CourtU.S. Court of Appeals — Fourth Circuit

E. A Bowers, S. T. Spears, and D. H. Hill Arnold, for petitioners and appellants.

J. P Scott, A. M. Cunningham, and A. R. Stallings, for respondent and appellee.

Before PRITCHARD, Circuit Judge, and BOYD and ROSE, District Judges.

ROSE District Judge.

The same question is brought up both by the petition to review and by appeal. It is narrow. The petitioners and appellants are the trustee and certain creditors of C. D. Gillaspie, a bankrupt. For convenience they will be referred to briefly as the trustee. Gillaspie will be called the bankrupt.

The appellee and respondent is the administratrix of Isaac McDaniels. She claims that her husband was a secured creditor. She succeeds to his rights. She and he will each be described as the creditor; it not being important to distinguish between them. At and before the 12th of May 1906, the bankrupt and certain other persons were engaged in the erection and furnishing of a hotel at Elkins. At the date named $10,000 was borrowed from the creditor for this purpose. For this sum a promissory note, payable four months after date, was given by the bankrupt and indorsed by the other parties. Subsequently, on the 15th of August, 1907, the other parties by deed conveyed their undivided two-thirds in the hotel and its furnishings to the bankrupt and to Minnie Mae Gillaspie. A part of the consideration for this deed was the assumption by the grantees therein 'of all notes now outstanding executed by the' other parties and the said bankrupt 'for money borrowed by them used in the construction, purchase of material, the payment of labor and furniture and fixtures of the hotel. ' The grantees entered into possession of the property conveyed by the deed. On December 5, 1907, the creditor presented his bill of complaint against the bankrupt and others in which he said that the deed before mentioned had been made in fraud of creditors of the bankrupt and his associates in the hotel enterprise. On that and other grounds it prayed for the appointment of a receiver of the property of the bankrupt. See Maxwell v. McDaniels, 184 F. 311, 106 C.C.A 453.

Subsequently, and within four months after the filing of the bill of complaint, an involuntary petition was filed against the bankrupt upon which he was on the 3d of April, 1909, adjudicated. It was held by this court that the court below had in the equity proceeding no jurisdiction to appoint the receiver or to entertain the bill.

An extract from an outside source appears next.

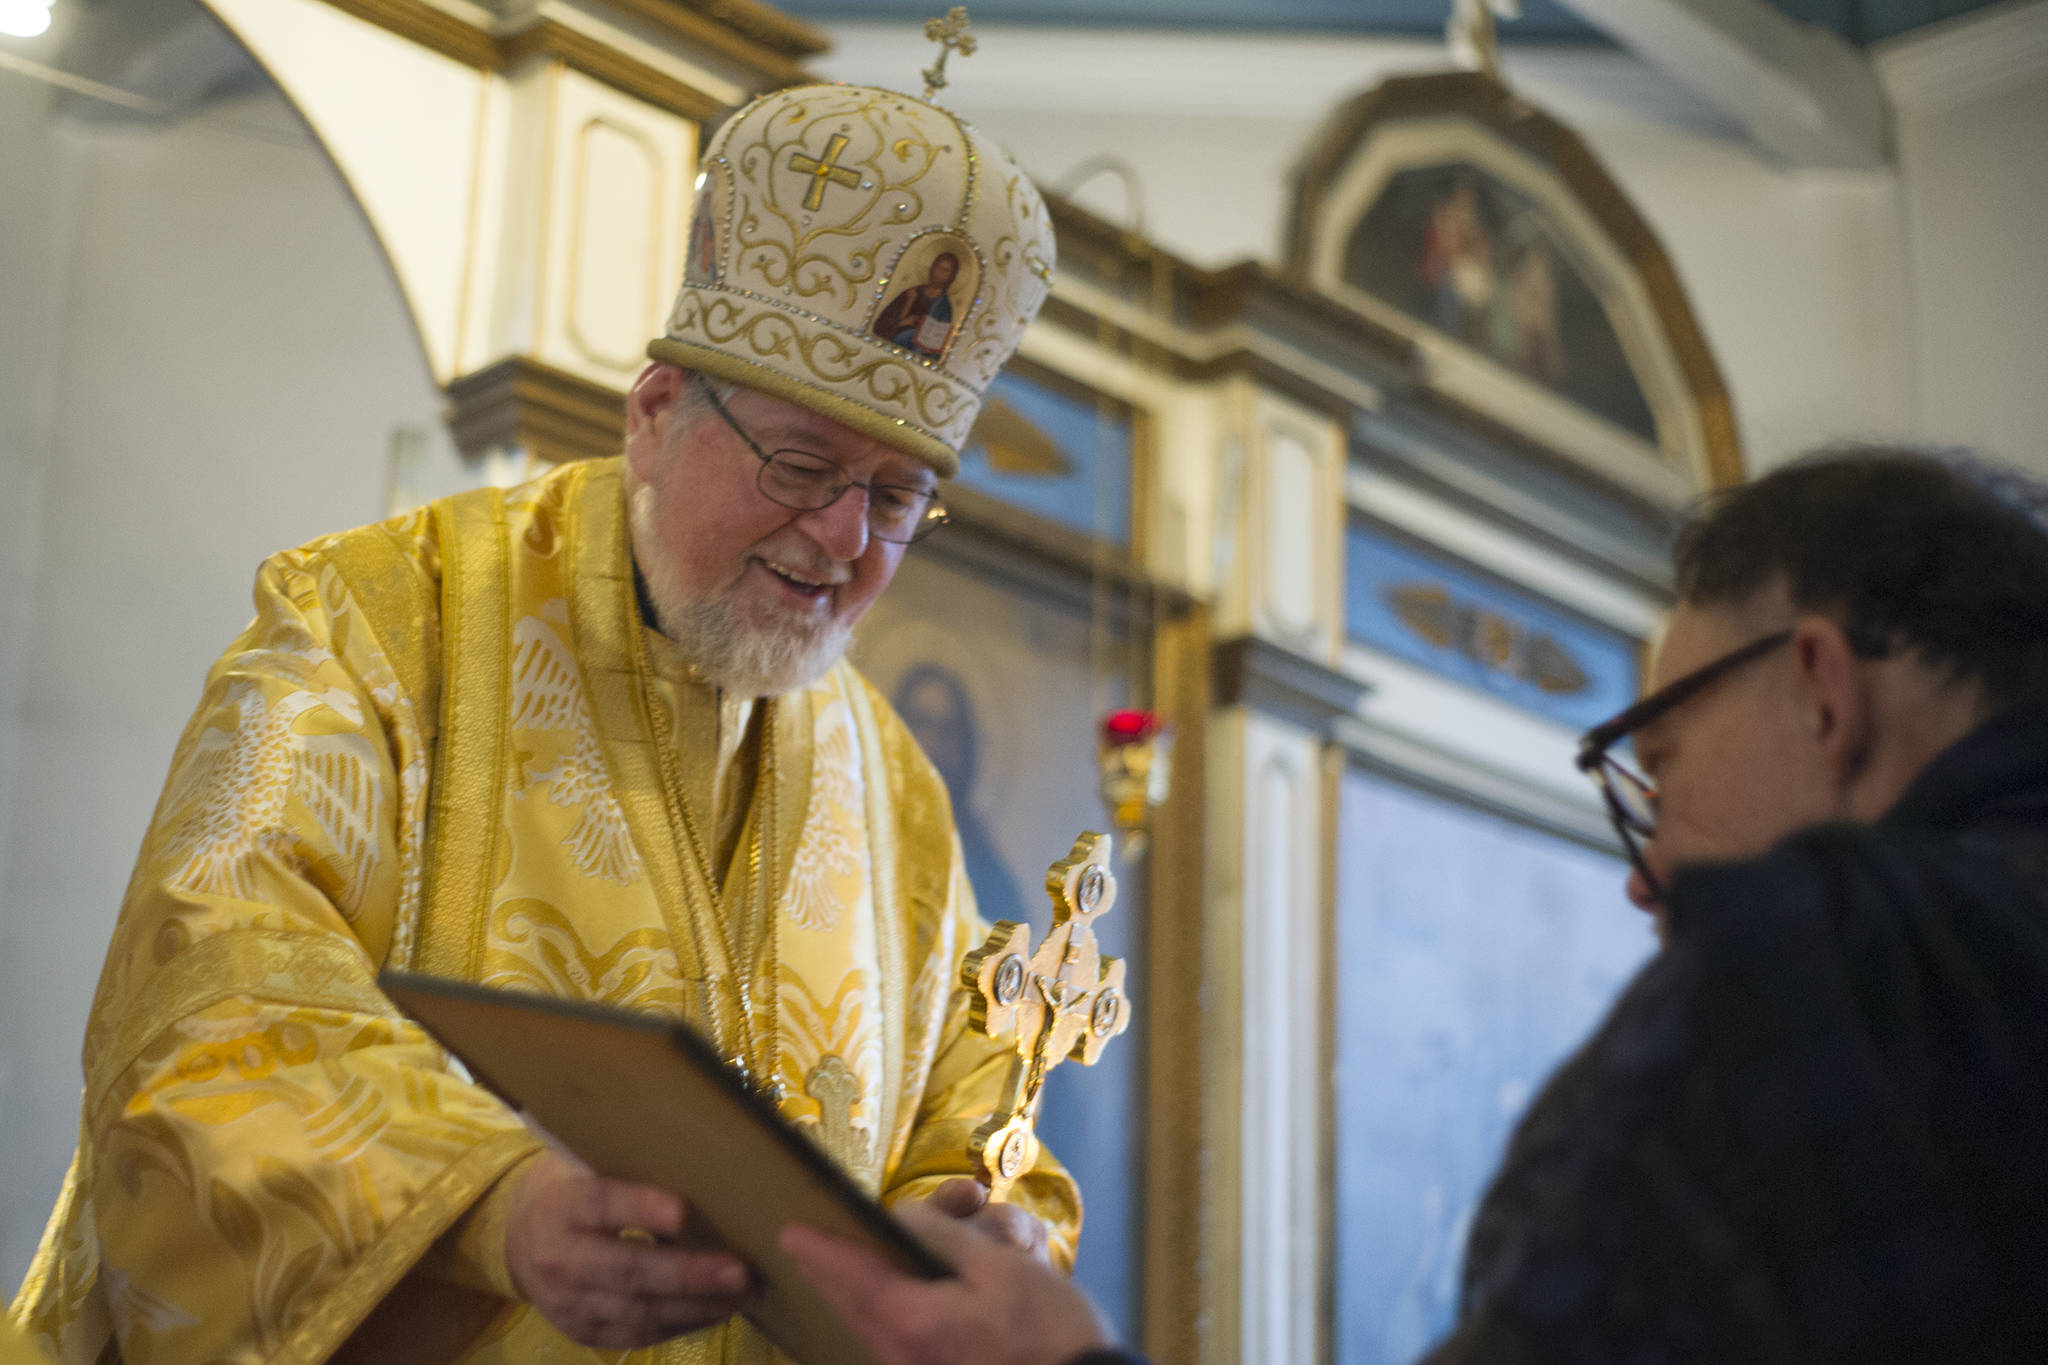 Bishop David, leader of the Russian Orthodox Church’s Diocese of Alaska, presents a certificate of appreciation to Patrick Kearney at the end of Divine Liturgy at St. Nicholas Russian Orthodox Chruch on Sunday, Nov. 25, 2015. (Nolin Ainsworth | Juneau Empire)

The first meeting of the creditors in bankruptcy appears to have been held February 7, 1910. At that time the creditor filed his proof of claim upon this $10,000 note. The proof was defective, in that it does not appear that the promissory note was filed with the claim. The affidavit was in the usual form for proof of an unsecured debt. It was not appropriate to a secured claim. It indeed contained the statement that the creditor had not, nor had any person for his order or to his knowledge and belief for his use, 'had or received any manner of security for said debt whatever. ' Nevertheless, it appears from the certificate of the referee that the creditor by his attorneys at the time of filing such proof verbally claimed the same to be a secured claim, that there was no objection to it as such, and it was at that time so allowed. More than a year afterwards the trustee in bankruptcy excepted to its allowance on the ground that it was not a claim against the bankrupt individually, but was a debt due by a copartnership; and, secondly, that it was not a secured claim. Thereupon the creditor prayed leave to amend the proof to show that the claim was secured by the vendor's lien before mentioned reserved in the deed to the bankrupt and another of an undivided two-thirds in the hotel property.

We do not understand that the first ground of objection made by the trustee is now relied on. Upon this record it could not be sustained. It is, however, earnestly contended that a creditor who proves a claim as unsecured may not after the lapse of a year from the adjudication amend the proof so as to assert that it is secured; that this creditor, at all events, cannot do so because the original form of proof was not the result of inadvertence or mistake, but was used because the...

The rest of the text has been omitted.